Stephens was mourned in London as well as in Finchley. In addition to Michael Faraday, among his personal friends were John Glover, Queen Victoria's librarian; Thomas Sopwith, geologist and mining engineer; and Sir Benjamin Ward Richardson, eminent doctor and physiologist. At his funeral it was said that although Stephens's life had been given to the service of science, he had a great yearning for literature and the arts and a great love of justice.

He was buried in St Marylebone Cemetery, Finchley, where a monument commemorates him and other members of his family. The family name is commemorated as a street name, Stephens Way, in Redbourn, Hertfordshire.

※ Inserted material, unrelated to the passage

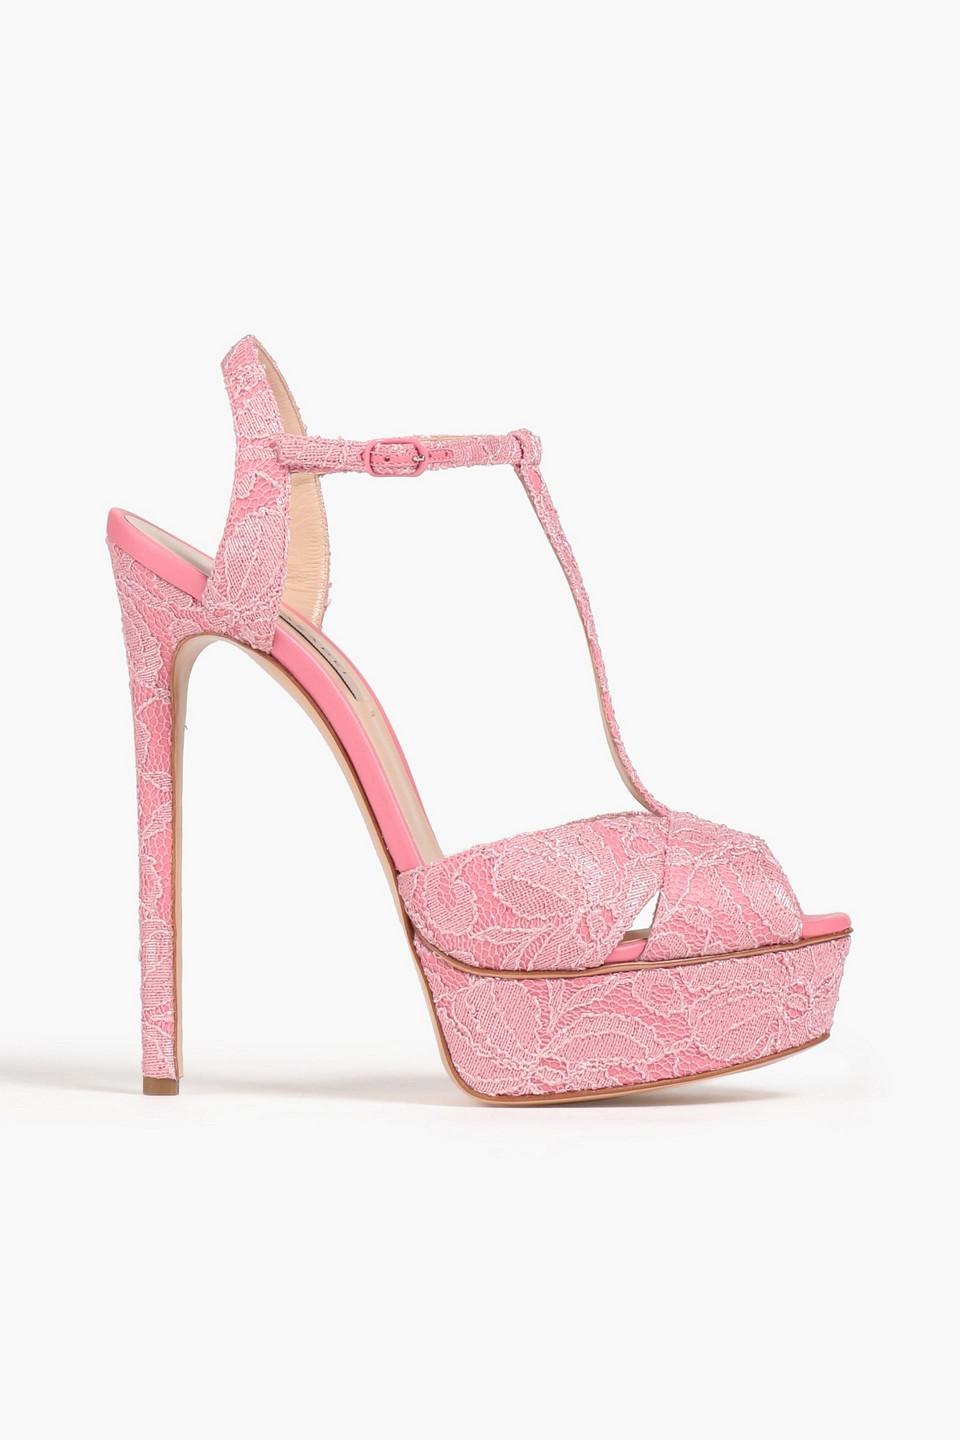 Casadei Chantal Corded Lace And Leather Platform Sandals in Pink | Lyst

The company founded by Stephens continued for more than a century after his death. Stephens's eldest son Henry Charles Stephens (1841–1918), known to his friends as "Inky", ran the company until his death in 1918, was an entrepreneur and philanthropist and also MP for Hornsey and Finchley from 1887 until 1900.

==The Stephens Collection==

A small museum – The Stephens Collection – in Finchley, north London, features the history of the Stephens family and the eponymous ink company, with a section on the development of writing materials. The museum is located in a new visitor centre in the former stables block at Avenue House, the home of Henry "Inky" Stephens from 1874 until his death in 1918. In his will he bequeathed Avenue House and his ten acres of gardens to the 'people of Finchley', held in trust by the Finchley Urban District Council so long as it was kept open 'for the use and enjoyment always of the people'.

The house and grounds, now known as Stephens House and Gardens, are run by the Avenue House Estate Trust, a local charity, for public benefit and as a memorial to Stephens and his son Henry Charles.